Tonight’s show features renowned psychologist Dr. Robert Epstein, and his book The Case Against Adolescence: Rediscovering the Adult in Every Teen. It’s an interesting and controversial book. It outlines how adolescence is an artificial construct of Western society and an unnecessary phase of life. Dr. Epstein thinks our teens are ready for more rights and responsibilities at a younger age.
Enter our debate: Is adolescence too long or too short in our society? The obvious answer is yes — it extends far beyond the teen years, to the point where young adults do not get on with either maturing, moving out, supporting themselves, finding a mate and buying a house to eventually fill with offspring of their own. It may sound like a dated model of adulthood, because it now is. We’ll talk about how adolescence extended beyond one’s formative years but why those formative years still matter.
Tonight’s show will also look at how adulthood is reached in other cultures — from societies where children work to supplement familial income and are seen as equals to adults — some times as young as 10. We’ll also look at Mediterranean cultures where mamone — or, mama’s boys — live with their parents well into their 30’s and even 40’s.
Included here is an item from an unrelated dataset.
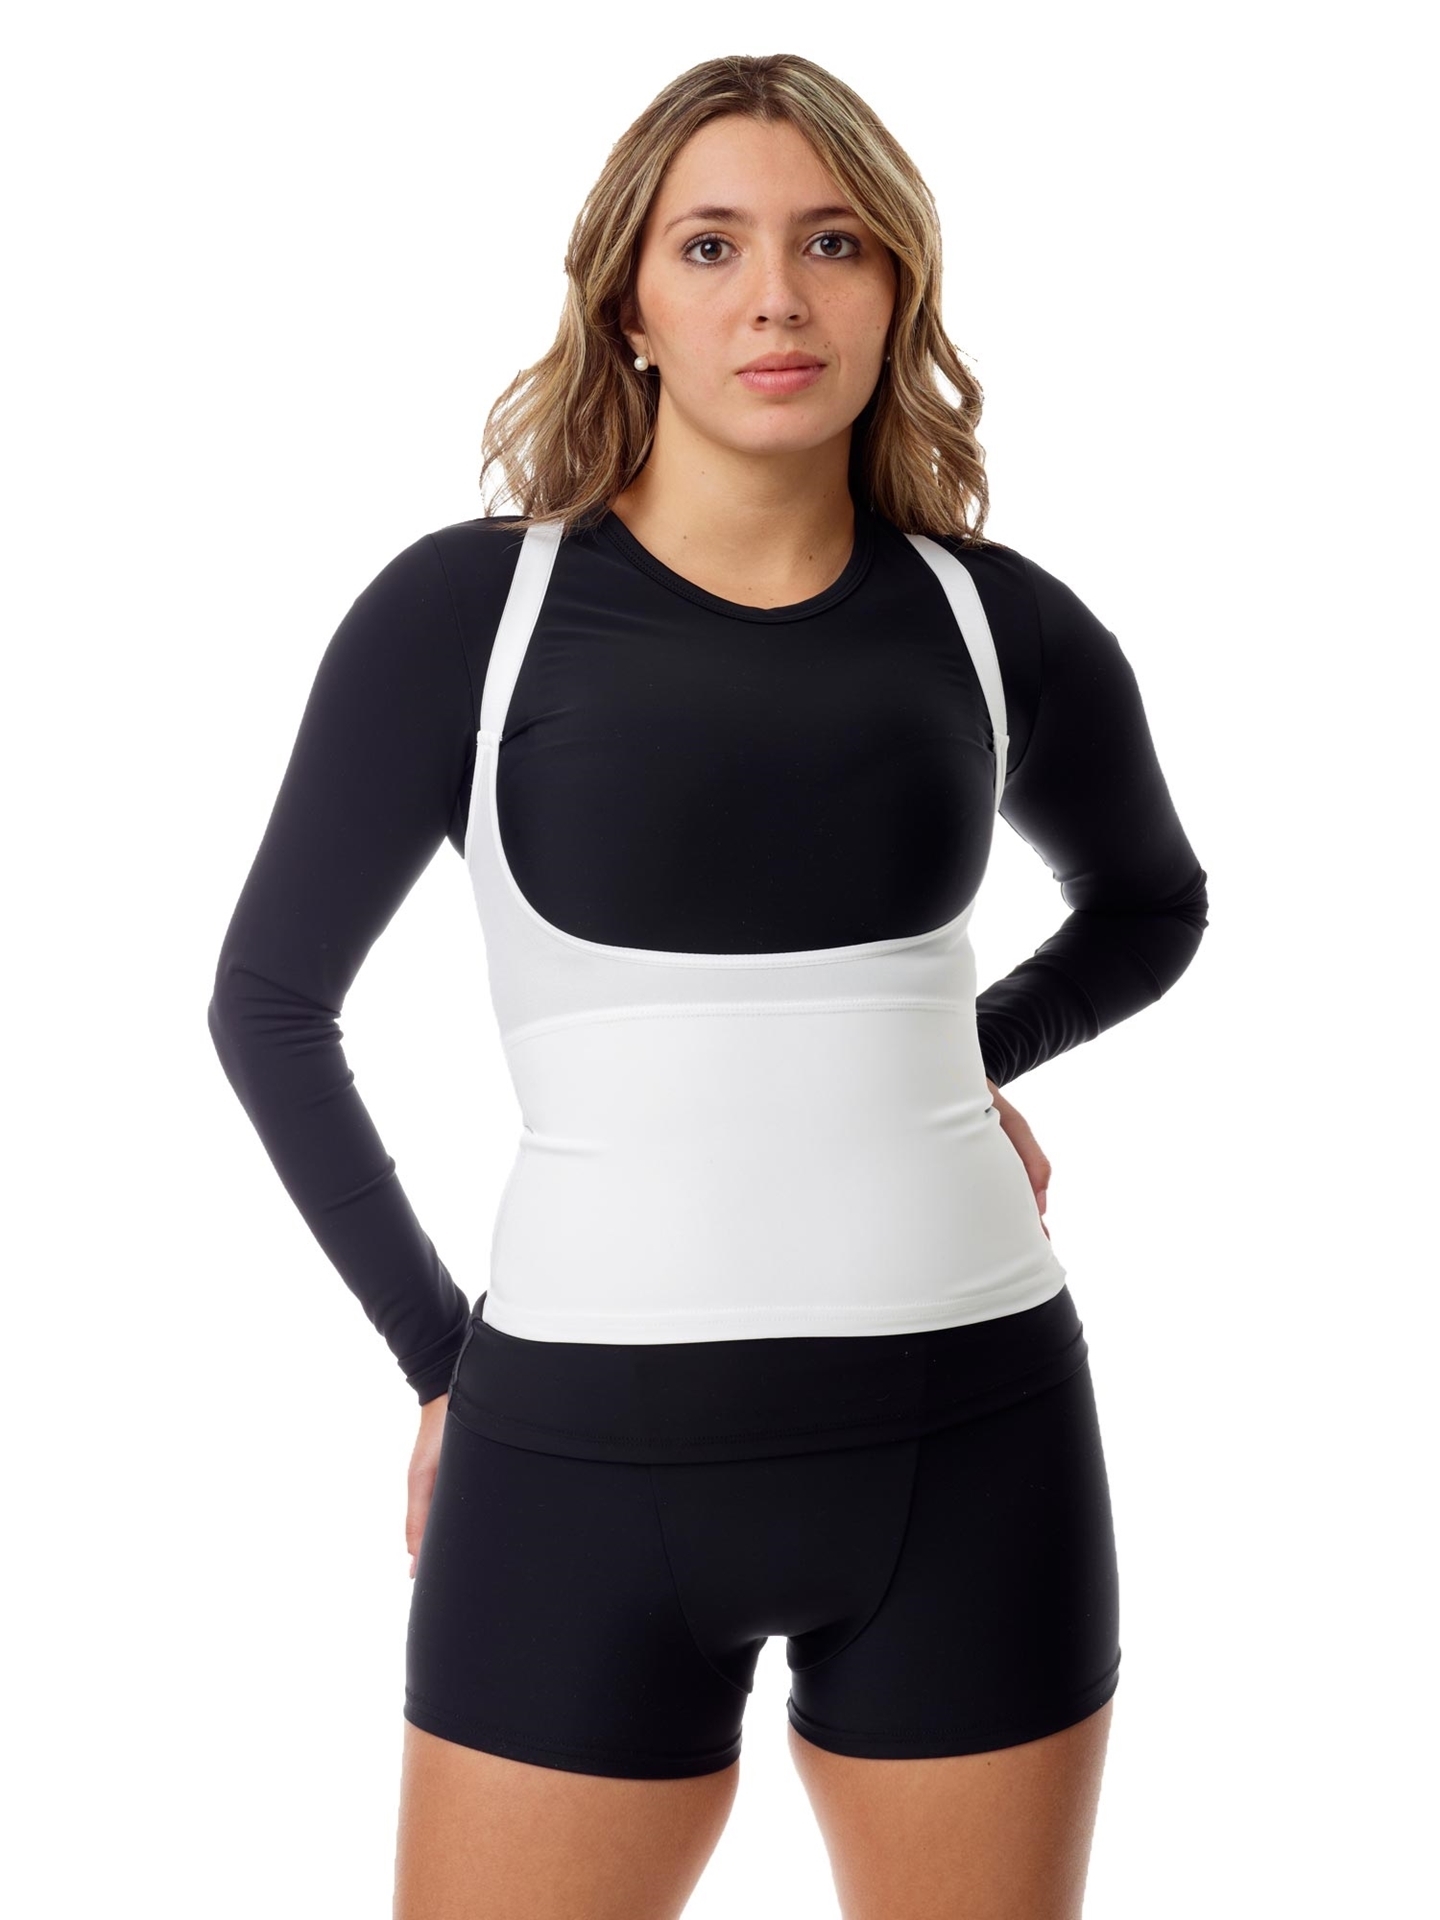 Women's White Shapewear Tank Top With Padded Chest & Waist Cincher

My parents came to Canada from Greece and heaven forbid you should consider moving out before you marry in the Greek-Canadian milieu. What kind of family would people think you were from? What kind of girl would people think you are? Why would you want to throw your money away on rent? That’s the preaching I got in my formative years, in case I ever even considered going out on my own before I had a ring on my finger, complete with a big fat Greek wedding send-off.
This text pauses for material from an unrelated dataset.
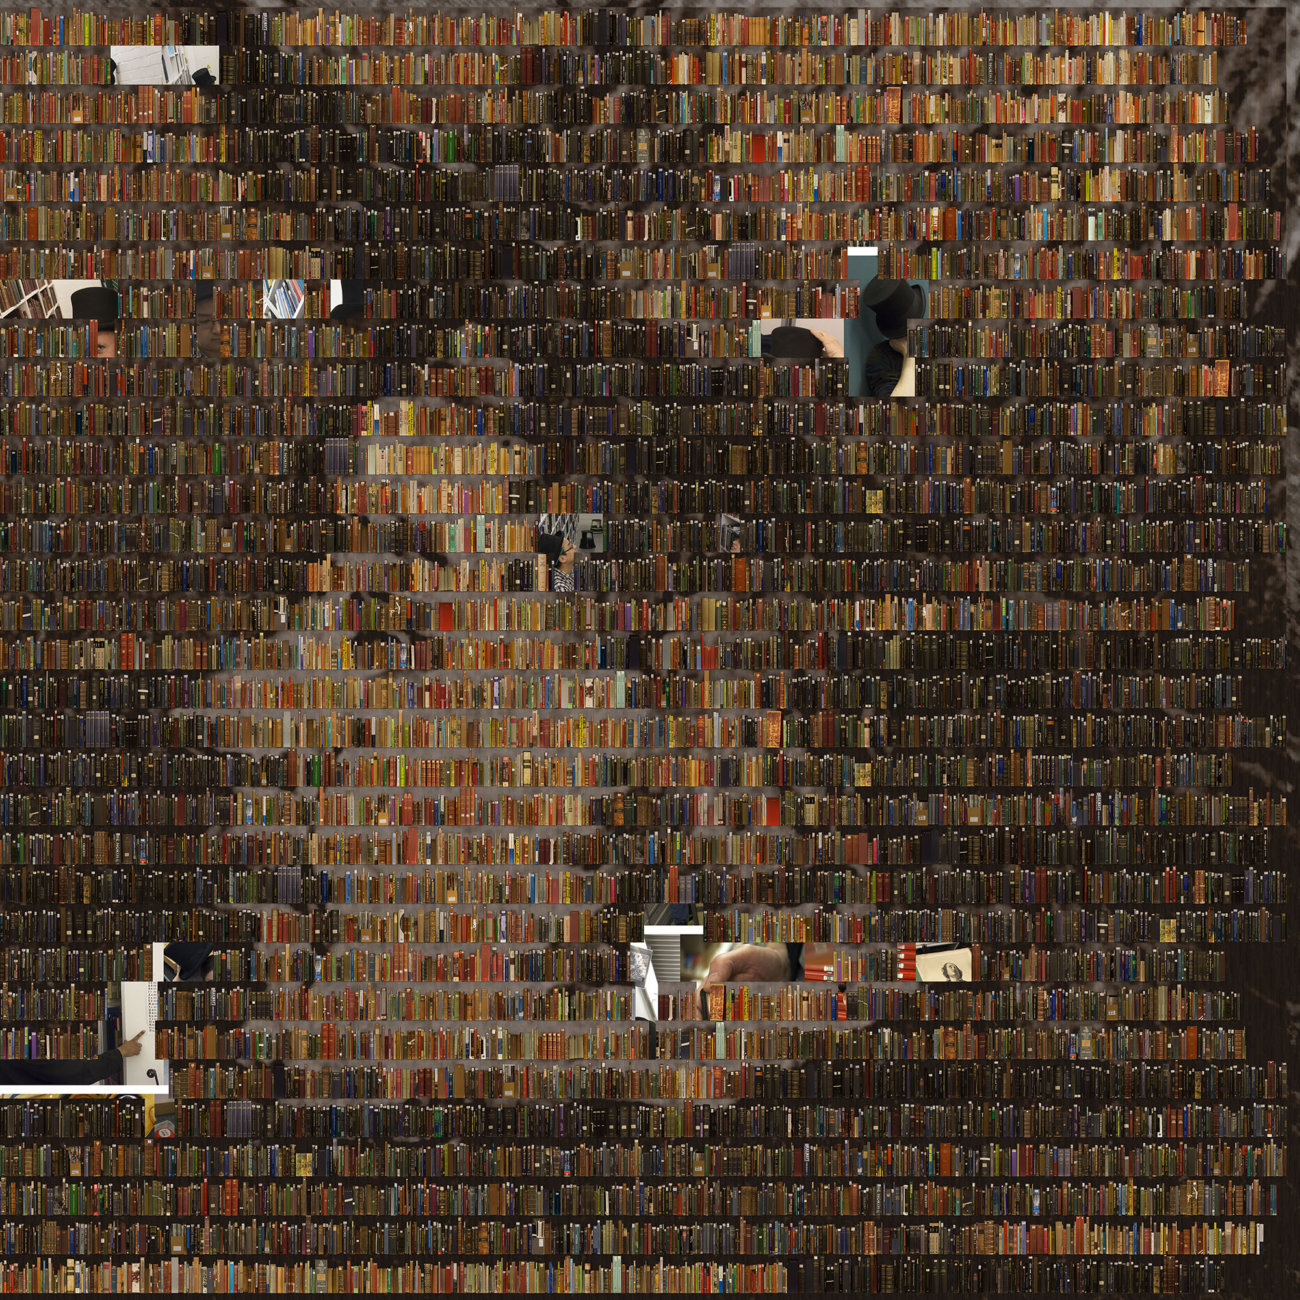 collage of 50 thousand mostly brown book spines revealing a face

Well, it didn’t work. Even though I went to university in my hometown, I hightailed it to a student residence the first chance I got. You would think living in an all-girls residence — with security and locked doors at night — would be the proper and respectable thing to do. But no. People thought the worst. It was not the respectable thing to do.
But I’d like to think I broke down barriers. My cousin George got the hell out, a month shy of his 30th birthday. He was sharing an apartment with two women — it was platonic — a concept so foreign to our uncles, they were convinced he was gay (not that there’s anything wrong with that). Why would he need to move out of his parents’ house anyway? He could have had cooked meals!
Twenty years later, I beam with pride as a younger cousin is living with her fiancé — a year before the wedding. “I did it while my sister’s baby was born and my parents were so excited to be grandparents it took them a while to realize I was gone,” she told me. The sneak-out…a very good way to go.
So while, many young people find themselves back at home after university, I belong to a culture where a group of us remained defiant and tore down the walls of mom and dad’s house. Of course, we still go back to get fed.